Notably, Puzzle Showdown is the first entry with moments that take place significantly after the protagonists' graduation from high school. Kelly, a supporting character in the earlier games, becomes a major protagonist in a secondary storyline, with one route involving her becoming a far-right talk radio host some time after graduating from university, and another following her into her 30s as she founds a nonprofit charity and runs for political office while facing a scandal from her past.

== Themes ==
Recurring subjects across the series include sexual abuse, drug abuse, depression, self-harm, suicide, bullying, radicalization, gun violence, the underground economy, internet addiction, toxic video game culture, sex work, and misogyny. Reviewers have observed that the series' adult authority figures—teachers, counselors, and other officials responsible for protecting teenagers—are consistently depicted as corrupt, predatory, or ineffective. Pedophilia is also referred too.

Field has said that the games' more serious plot elements are drawn from real accounts, including a social media post by a young woman describing a hospitalization after an overdose, and from his own observations of inappropriate teacher–student dynamics in American schools, which he described as "stuff you don't realize is weird when you're a kid".

Critics have characterized the series in differing terms: Natalie.TF reads the trilogy as principally concerned with Nicole's trauma-driven self-destruction, while The Refined Geek describes its world as one in which every character is dysfunctional. The Mary Sue criticized The Flip Sides extended depictions of Jecka's exploitation—including her relationship with Mr. Katz and her fetish sex work—arguing that they functioned as spectacle rather than satire.

== Adaptations ==
An animated short, Class of '09: Give Me a Fry (originally titled: Class of '09: The Anime Short), was released on October 23, 2023. A 12-minute animated pilot, Class of '09: The Anime Pilot, followed on December 14, 2024. Two further shorts have been released: Class of '09: Kicked Out on July 2, 2025, and Class of '09: Lunch Table Beats on March 13, 2026.

== Reception ==
The original Class of '09 received generally positive reviews from independent gaming sites, which praised its voice acting, comedic writing, and willingness to address taboo subject matter within the visual novel format. 3rd-Strike noted that the experience became progressively more depressing as routes were explored, and The Refined Geek wrote that the game's commitment to making every character repellent was both its defining quality and a potential limitation.
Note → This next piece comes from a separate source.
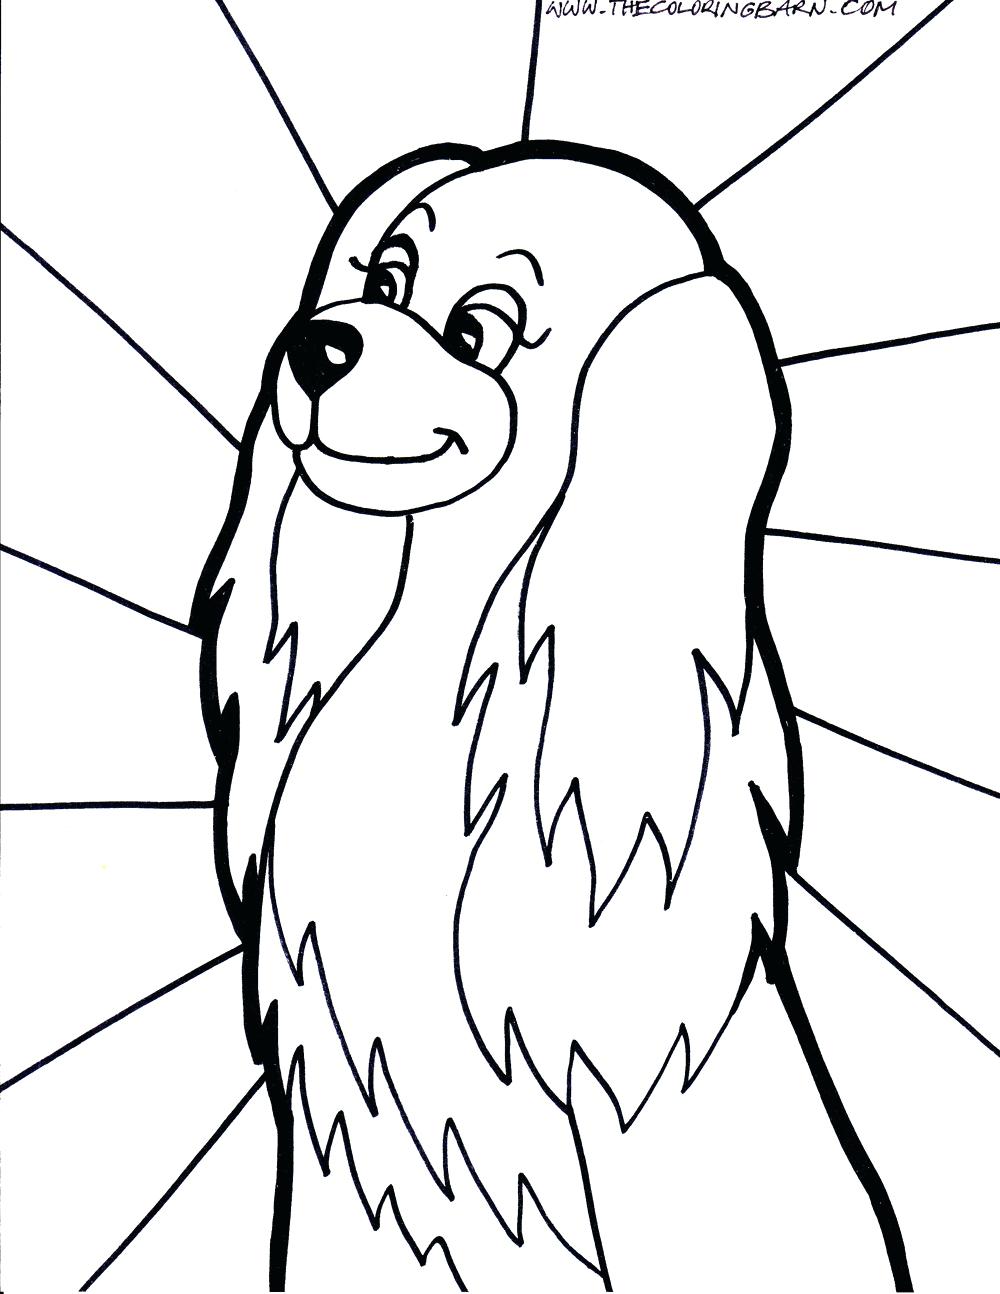 Cute Cartoon Dog Coloring Pages at GetColorings.com | Free printable
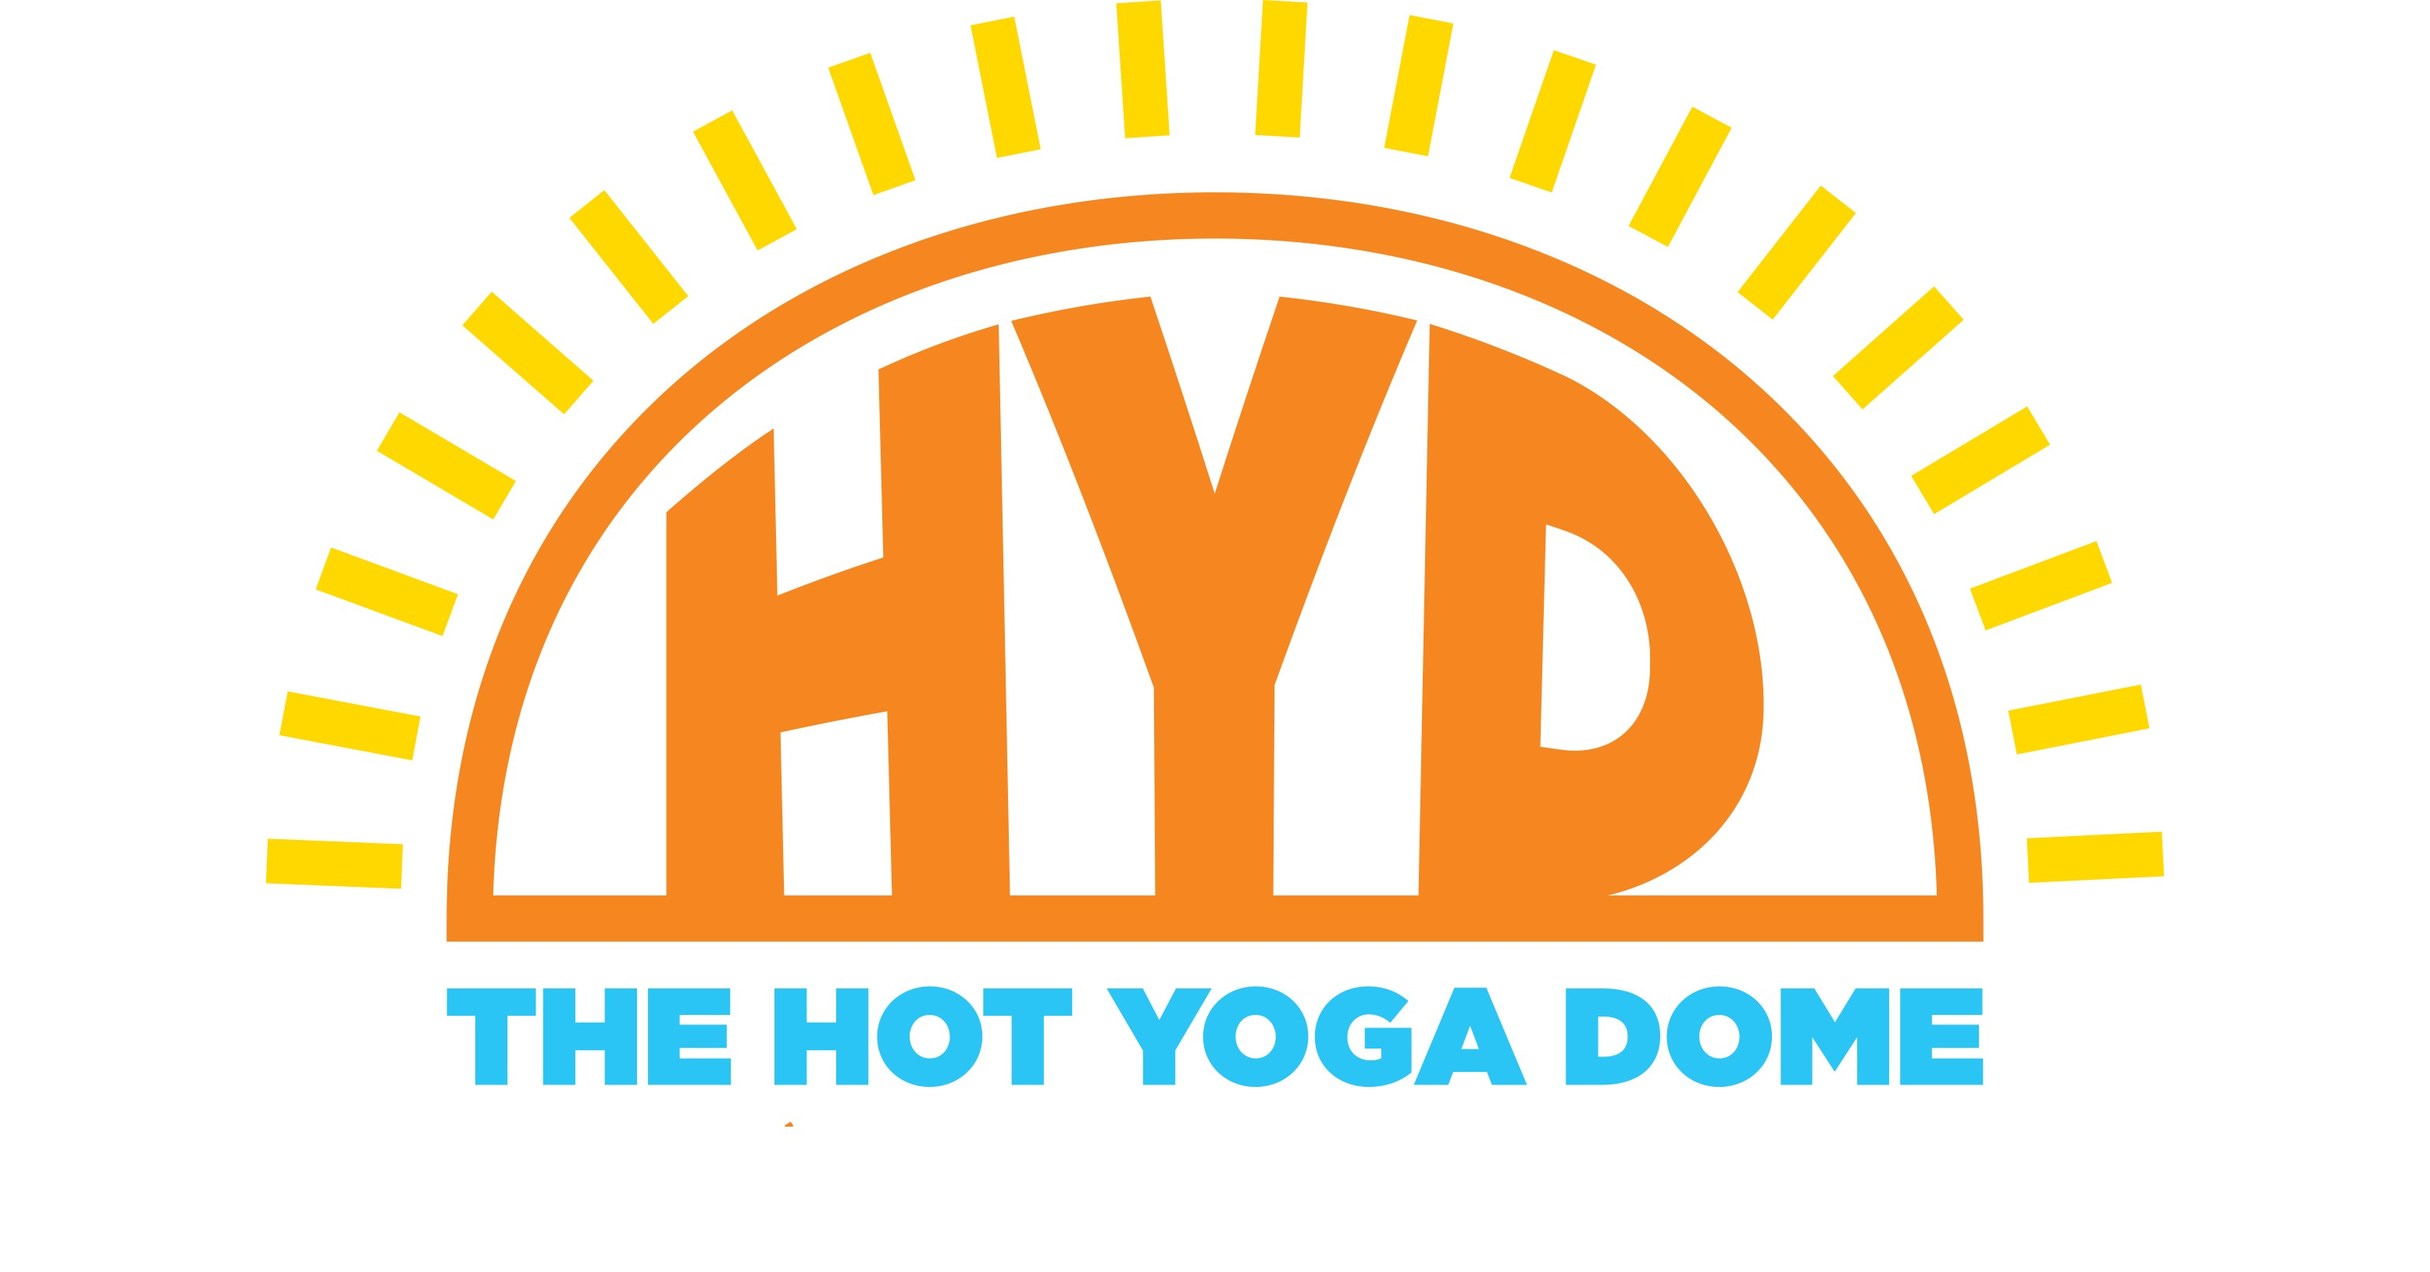 HOT YOGA DOME - Largest Home Dome Made - sporting goods - by owner

The Flip Side was reviewed more negatively. The Mary Sue called it "a weak ending to a beloved trilogy", criticizing its reduced player agency, the shift in Nicole's characterization, and its extended depictions of Jecka's abuse. Natalie.TF argued that the smaller number of longer routes placed greater narrative weight on each one, and found that three of the five endings failed to deliver satisfying conclusions, including one that the reviewer felt killed off a popular character purely for shock value. User reviews of The Flip Side on Steam are rated "mixed", in contrast to the "overwhelmingly positive" user ratings of the first two games.

Apple's App Store has declined to host the series, citing its content. Field has criticized the decision, arguing that the platform permits games depicting graphic violence, such as Grand Theft Auto: San Andreas, while refusing a visual novel about issues faced by teenage girls.